◆ **TASK STATEMENT**
Render every line of the data exactly as written, and leave out the pictures.

◆ **AVAILABLE DATA**
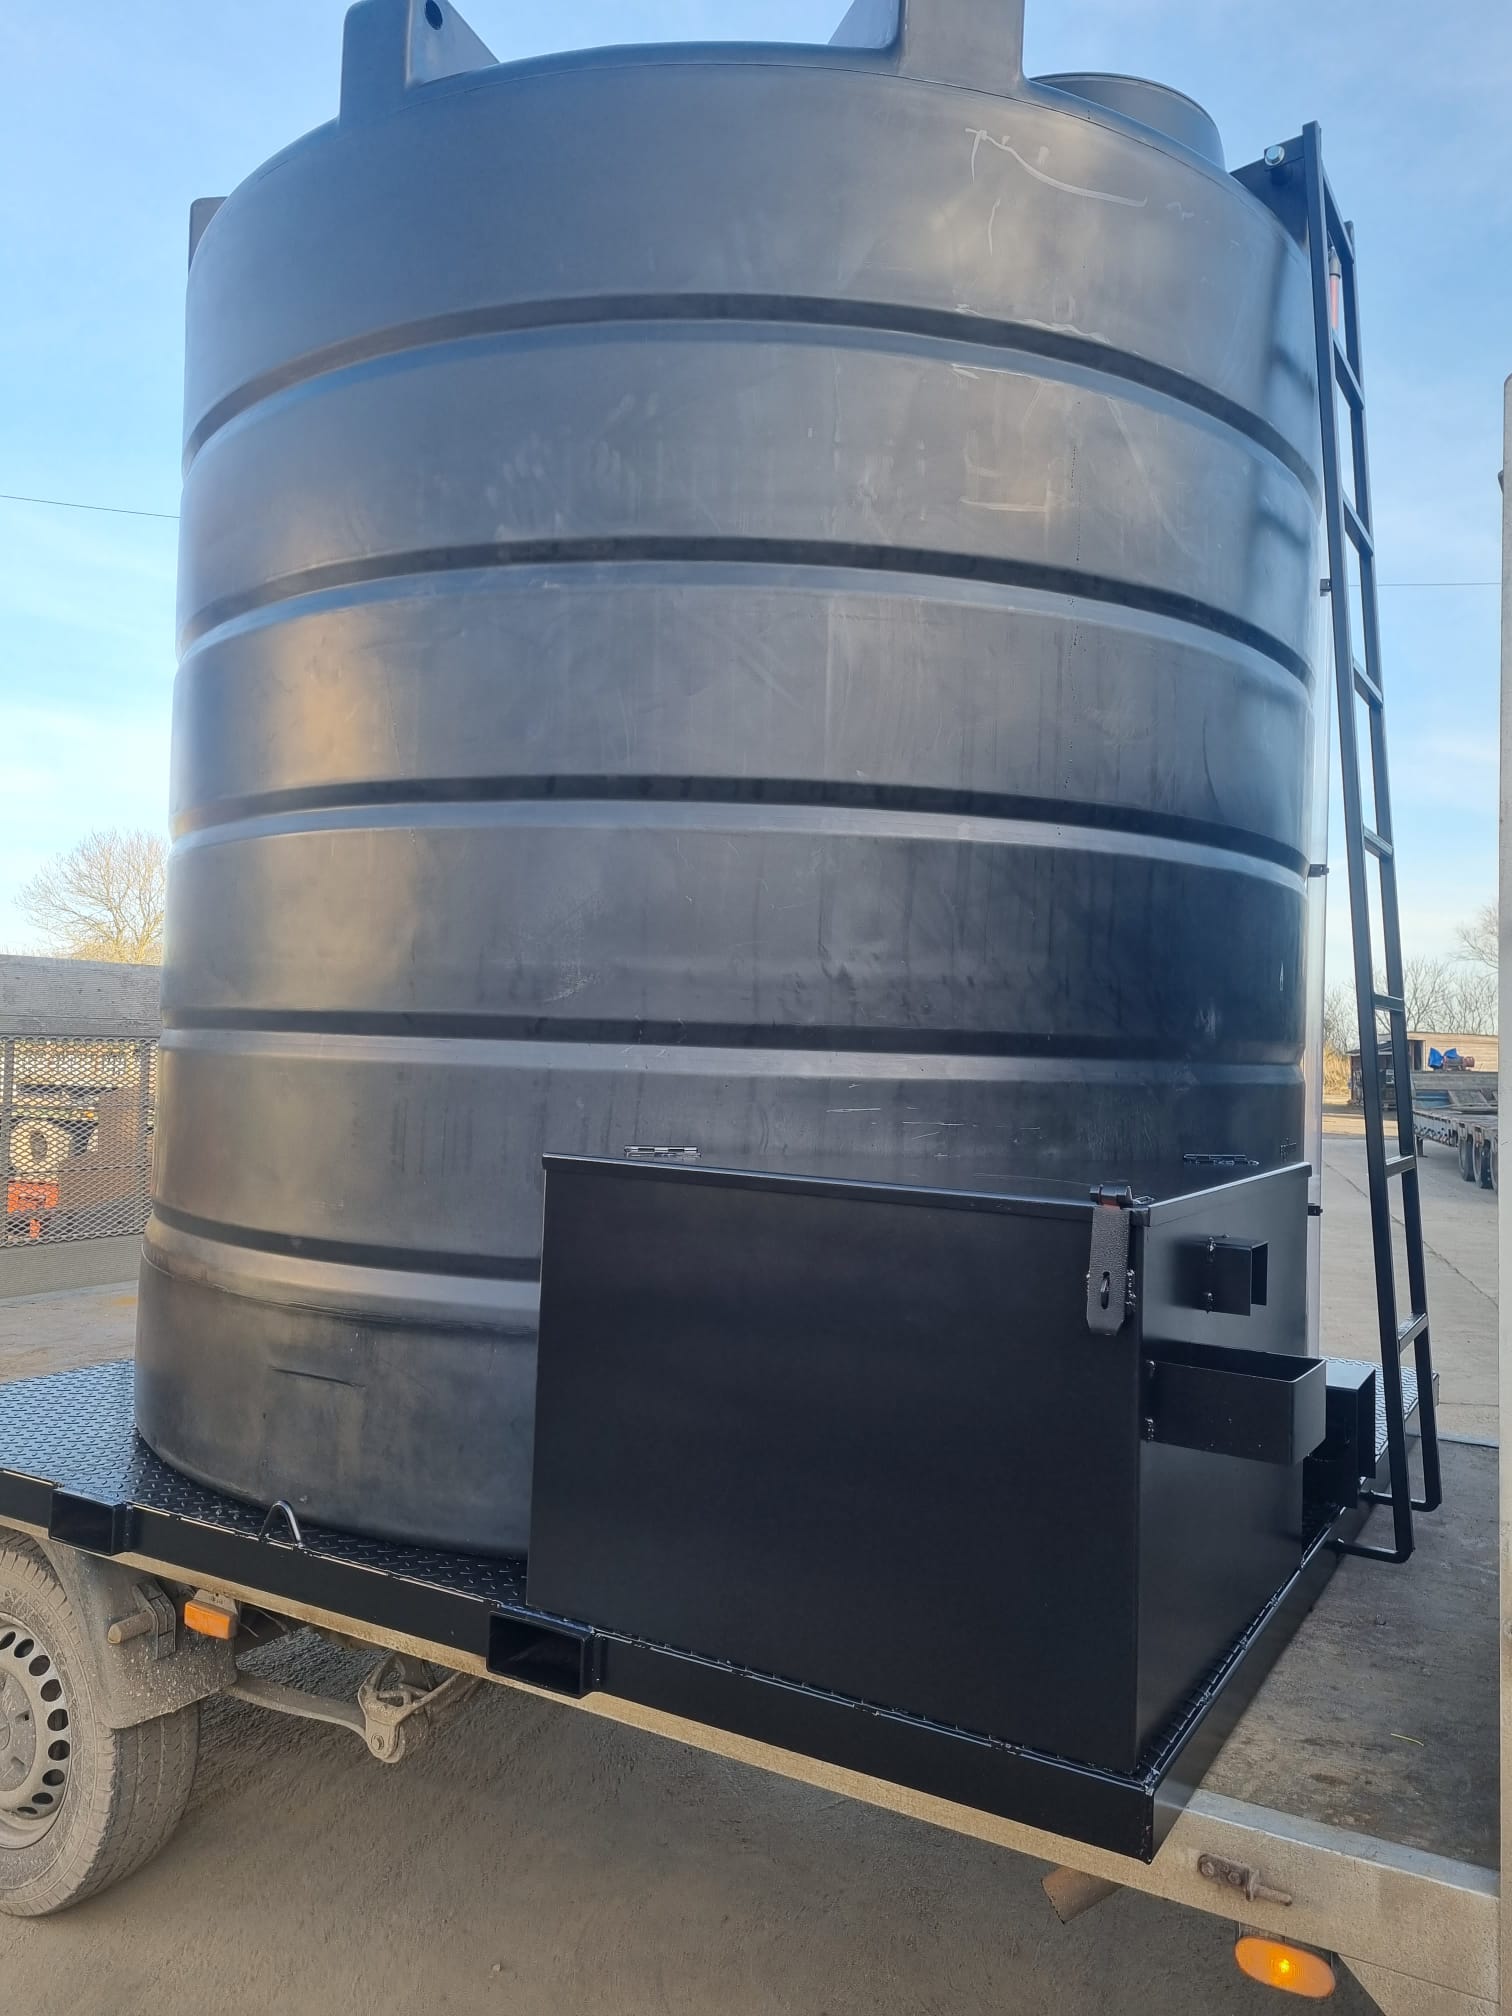 Affordable 10,000ltr Water Tank, With On Demand Pump To Hire In Peterborough
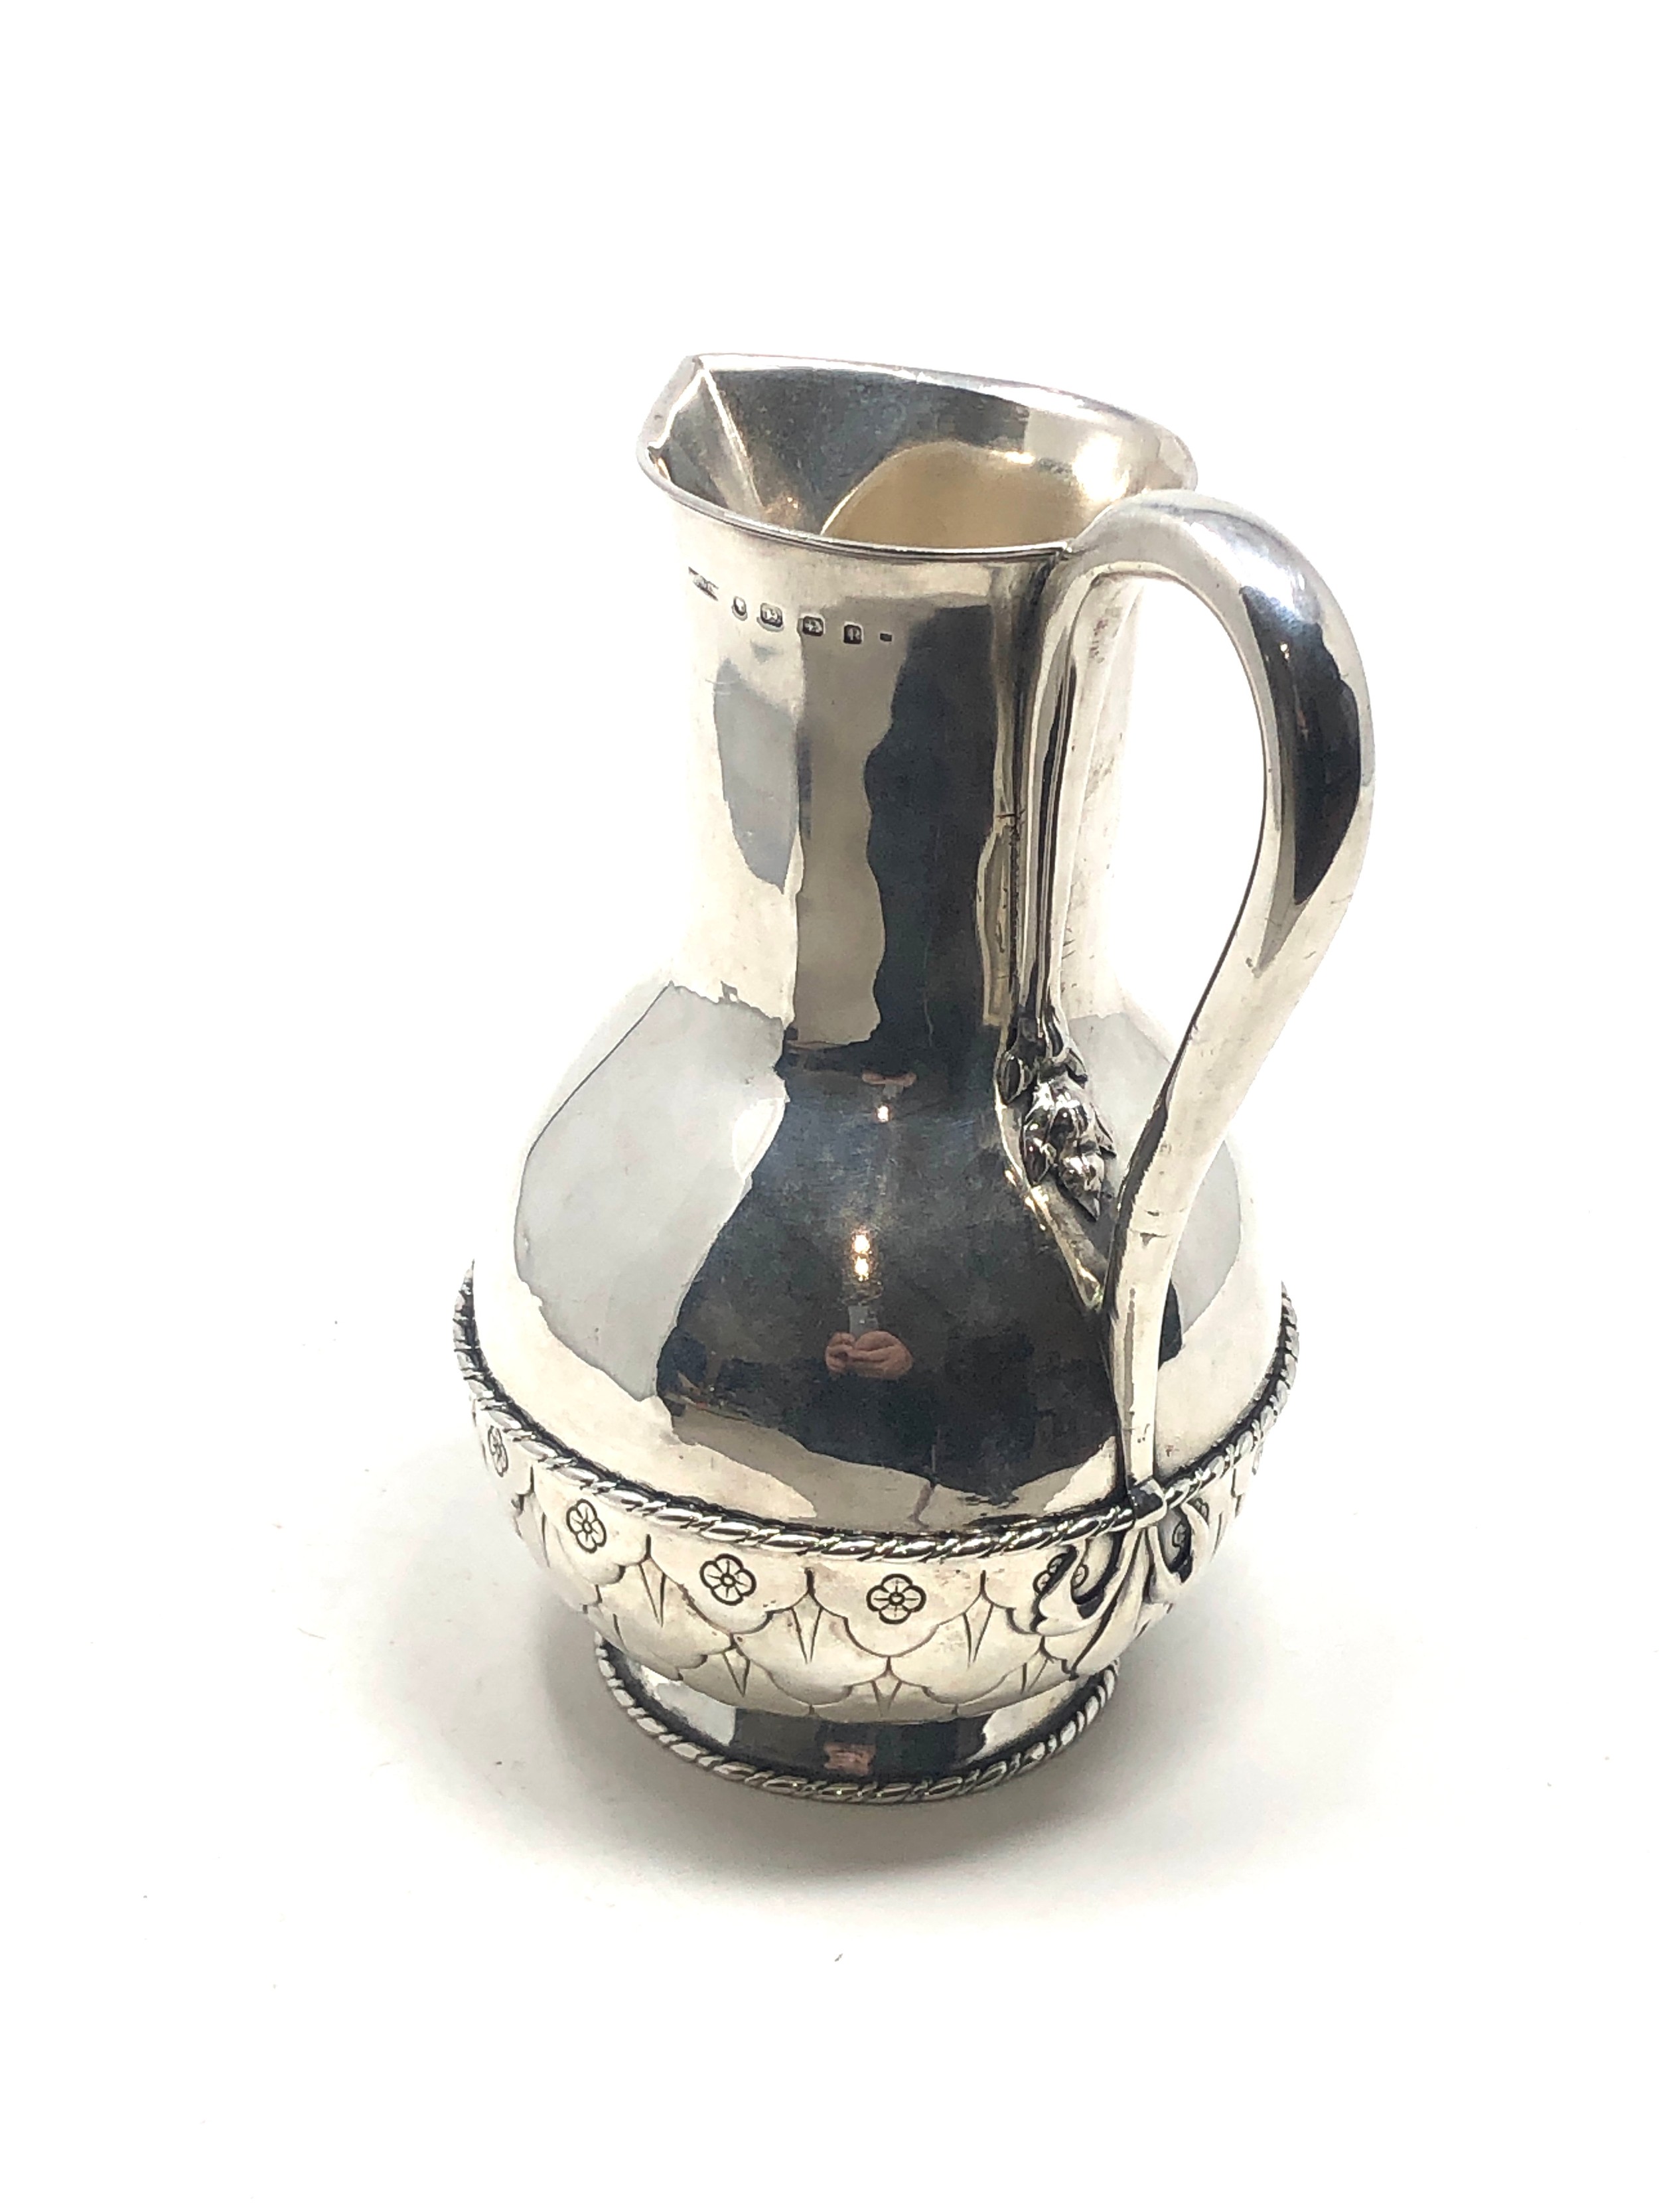 Victorian silver jug by John Hardman & Co Birmingham silver hallmarks With rope-twist borders and an
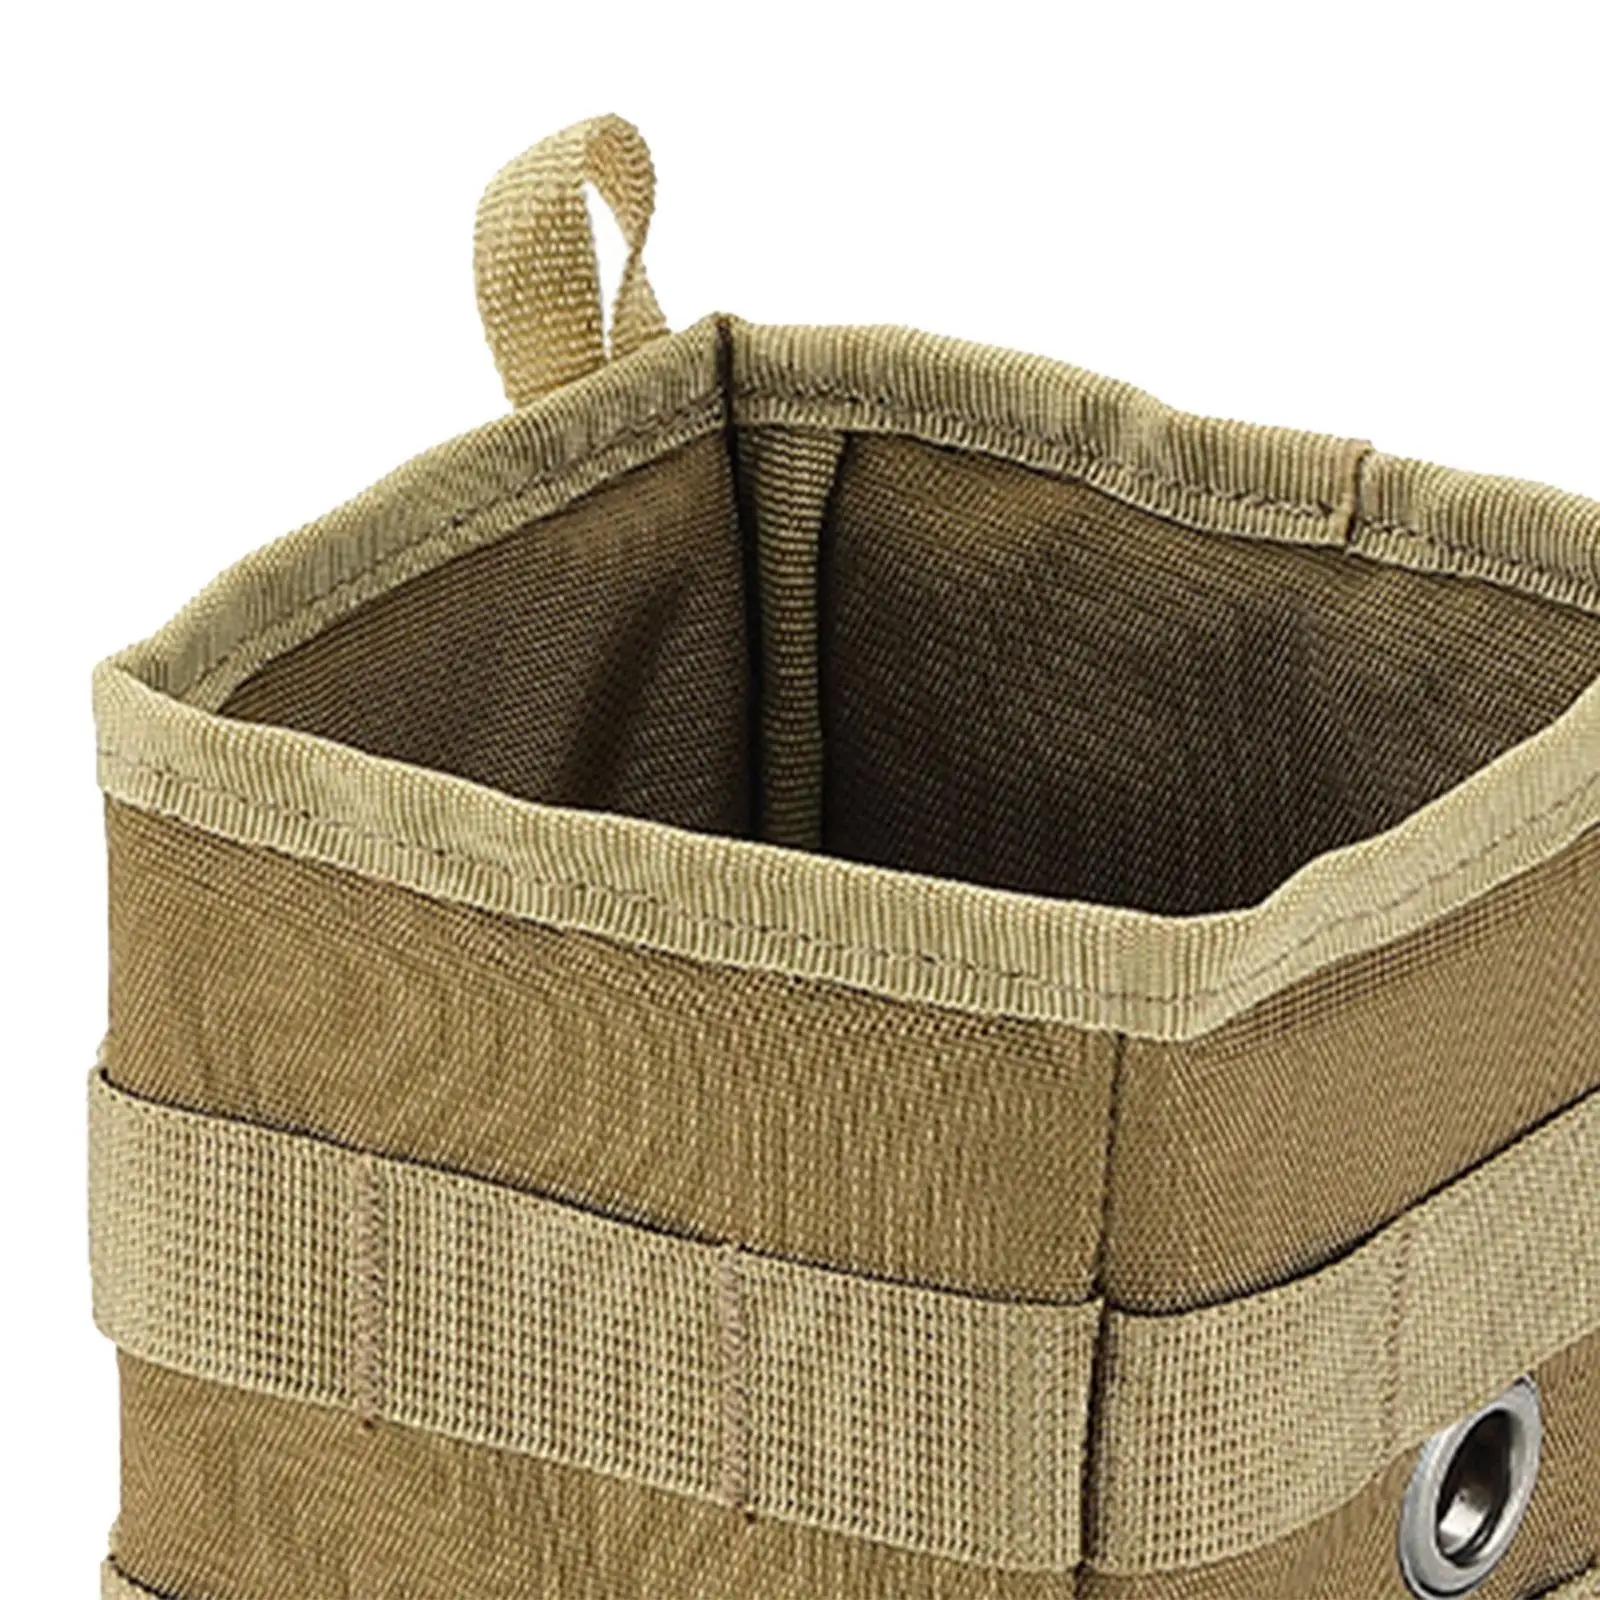 Bags Desk Side Pouch Side Bag Hanging Hanging Storage Baskets for BBQ Chair

◆ **WRITTEN SOLUTION**
 Affordable 10,000ltr Water Tank, With On Demand Pump To Hire In Peterborough
 Victorian silver jug by John Hardman & Co Birmingham silver hallmarks With rope-twist borders and an
 Bags Desk Side Pouch Side Bag Hanging Hanging Storage Baskets for BBQ Chair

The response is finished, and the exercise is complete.